I think I know how to calculate the number of 8-digit passwords with 1 digit or 1 symbol.
The sets are lowercase (26), uppercase (26), symbols (32), digits(10). That means there are $(26 + 26 +32 + 10)^8 = 94^8$ total passwords and I just have to remove the all letter combinations $(52)^8$, so $94^8 – 52^8$.

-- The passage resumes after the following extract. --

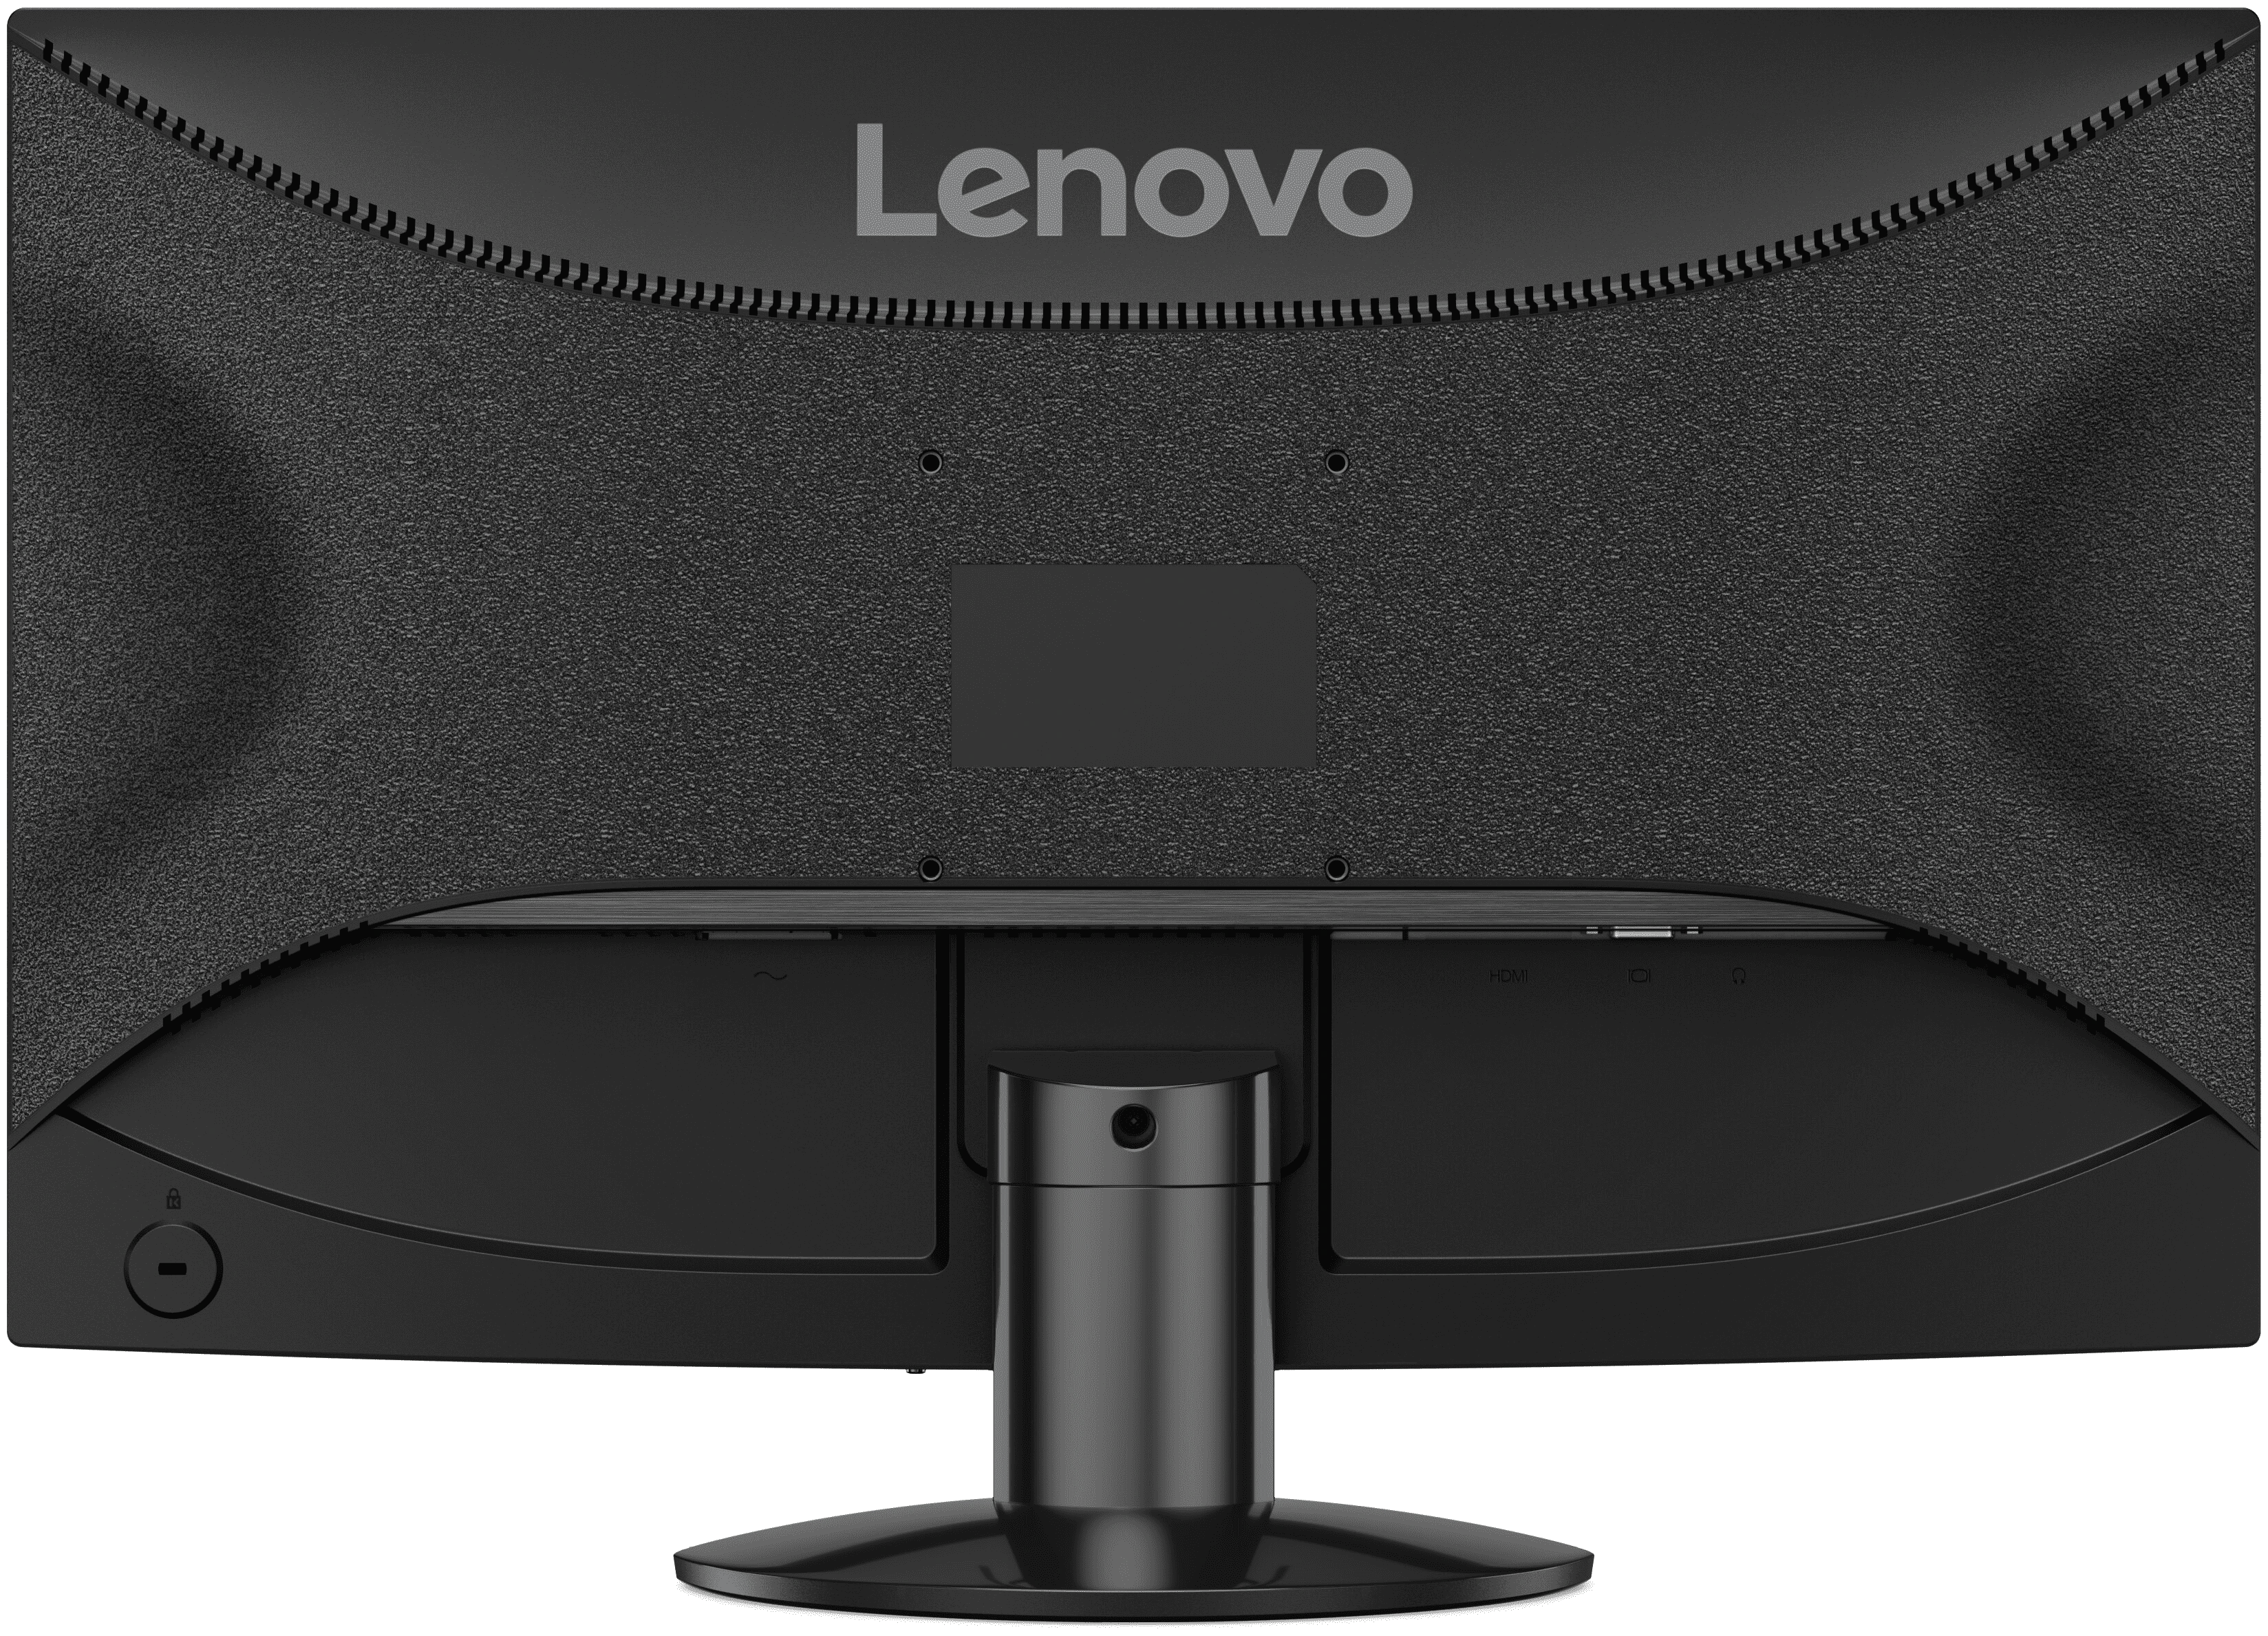 D24-10 Lenovo 23.6-inch Gaming Monitor with LED Backlit, TN Panel, VGA and HDMI Ports (Raven Black)-3

For the number of passwords with a digit and a number, I am confused.
All Combos: $94^8$
All Letters: $52^8$
Letters + Digits: $62^8$
Letters + Symbols: $84^8$
I think I need inclusion/exclusion. I know that I am removing too many numbers, if I just subtract $94^8 – 52^8 – 62^8 – 84^8$, but I'm not sure how to build the intersections.
Best Answer
The passwords which aren't allowed are:
i) those with no symbol, but at least one digit: there are $62^n-52^n$ of these
ii) those with no digit, but at least one symbol: there are $84^n-52^n$ of these
iii) those with no digits or symbols: there are $52^n$ of these.
Overall, therefore, $62^n-52^n+84^n-52^n+52^n=62^n+84^n-52^n$ aren't allowed, so $94^n-84^n-62^n+52^n$ are allowed.